We are driving so we can bring our stuff and that might take a few days considering AZ is 2,507 miles away from my house which is really far! (Believe me i've been crying all morning...) I dont know anyone there so i cant ship them there. The last thing i want is to get there and something happen to them.

I'm also going to take the tanks apart and rebuild when i get there. Whats they best way to keep my plants alive? Would paper towles and plastic shoe boxes work?


----------



## Julio (Oct 8, 2007)

ship them to yourself over night, have some one take care of them until all their tanks get there and you are able settled in so the frogs won't go through the long stressful drive.


----------



## Marinarawr (Jan 14, 2009)

As a variation of Julio's recommendation you could put the frogs in "quarantine enclosures", leave someone in you trust in your current area with detailed instructions on care and proper packing for shipment, take the vivariums with you (assembled or dismantled depending on your preference), and then once you arrive have the frogs shipped to you, leaving you time to set up their enclosures while they are in the mail and then you'll be there to receive them and appropriately acclimate them to their new homes upon delivery. I think that the most important thing in the whole equation is the person who will either care for them and then ship them, or otherwise the person who will receive them and care for them, depending on which end of shipment you'd prefer to be. 

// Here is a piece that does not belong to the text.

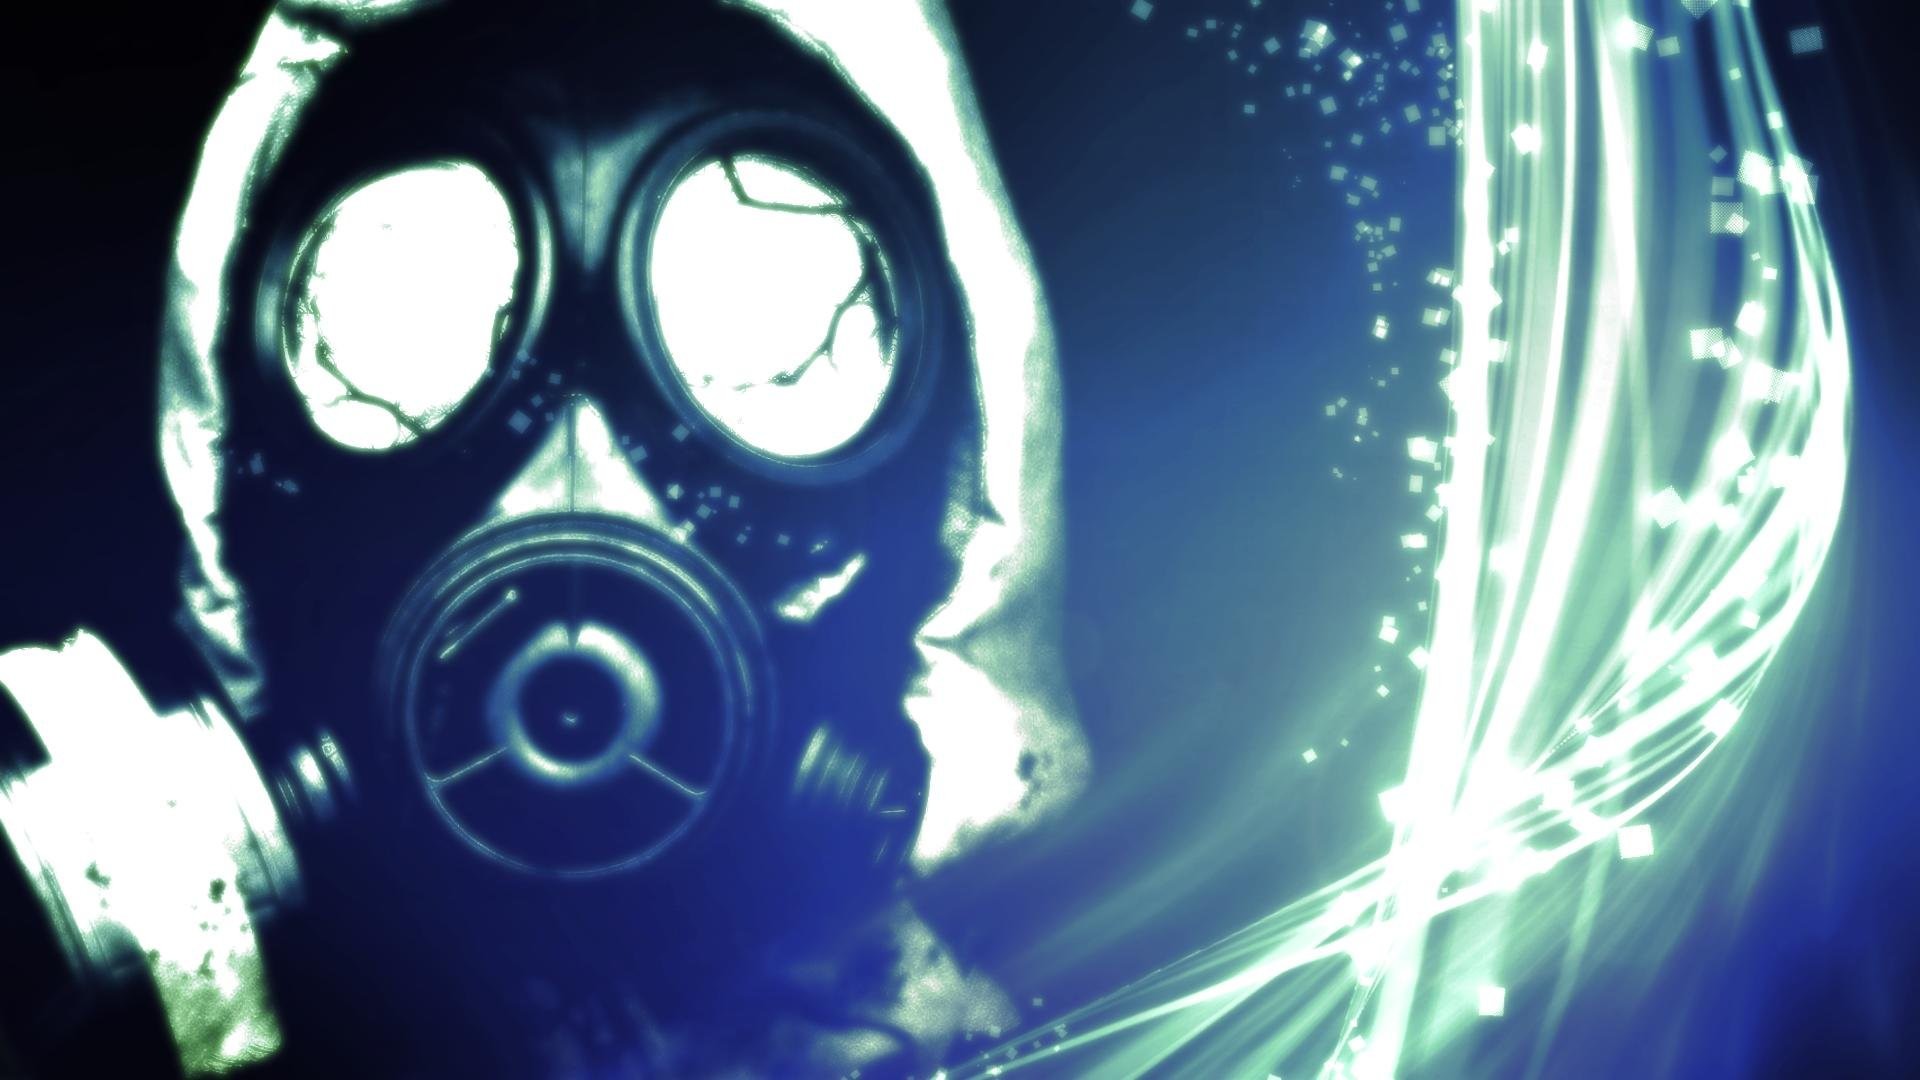 1920x1080 Wallpapers Dubstep The Crazies Gasmask 1600x1000 194846

Congratulations to you and your boyfriend on the new employment prospect! Best wishes to you both and your pets .


----------



## M_Rybecky (Mar 16, 2009)

That sounds like a good idea! My mom likes them so she probably wont mind watching them for a few days.


----------



## zBrinks (Jul 16, 2006)

I drove my frogs cross-country from Texas to Michigan over a two day period. I put them in individual 16oz containers with damp sphagnum, taped the lids shut, and put them in large styrofoam coolers with newspaper to hold them in place. I drove up in a u-haul, and kept the animals in the cab with me. Out of 50 or so animals, I lost one imi that somehow managed to get out of its container and become frog jerky along the way.
If you have room, you might consider putting the frogs individually in 190oz containers. They'll be fine living in those until you get your vivs back up.


Good luck!


----------



## M_Rybecky (Mar 16, 2009)

Wow! 50 animals! Good thing i only have 8 and some tads! lol. That sounds like a pretty good idea. We have a uhal taking our stuff down and we are going to take my boyfriends truck casue we have to tow his racecar so maybe they could chill in the back seat... casue my parents want to come with us and get us settled in and i dont know if i trust my little brother with them not in their big tanks. eek.


----------



## Alpha Pro Breeders (Oct 13, 2008)

zBrinks said:


> I drove my frogs cross-country from Texas to Michigan over a two day period. I put them in individual 16oz containers with damp sphagnum, taped the lids shut, and put them in large styrofoam coolers with newspaper to hold them in place. I drove up in a u-haul, and kept the animals in the cab with me. Out of 50 or so animals, I lost one imi that somehow managed to get out of its container and become frog jerky along the way.
> If you have room, you might consider putting the frogs individually in 190oz containers. They'll be fine living in those until you get your vivs back up.
> 
> 
> Good luck!


This is how I would do it. Why trust the shipping company when you can do it yourself.


----------



## laylow (Apr 6, 2009)

I am actually moving from Salt Lake City to Columbus Ohio monday. I am taking with me 2 cobalt Tincs and that is exactly how I am planning on bringing them. In the styrofoam cooler deal. The styrofoam cooler will help regulate the temp so it wont rise or fall drasticly. Also something to think about, I am going to put one of those digital thermo readers inside the cooler so I can constantly check the temp as I am driving just to be safe. . .


----------



## zBrinks (Jul 16, 2006)

laylow said:


> I am going to put one of those digital thermo readers inside the cooler so I can constantly check the temp as I am driving just to be safe. . .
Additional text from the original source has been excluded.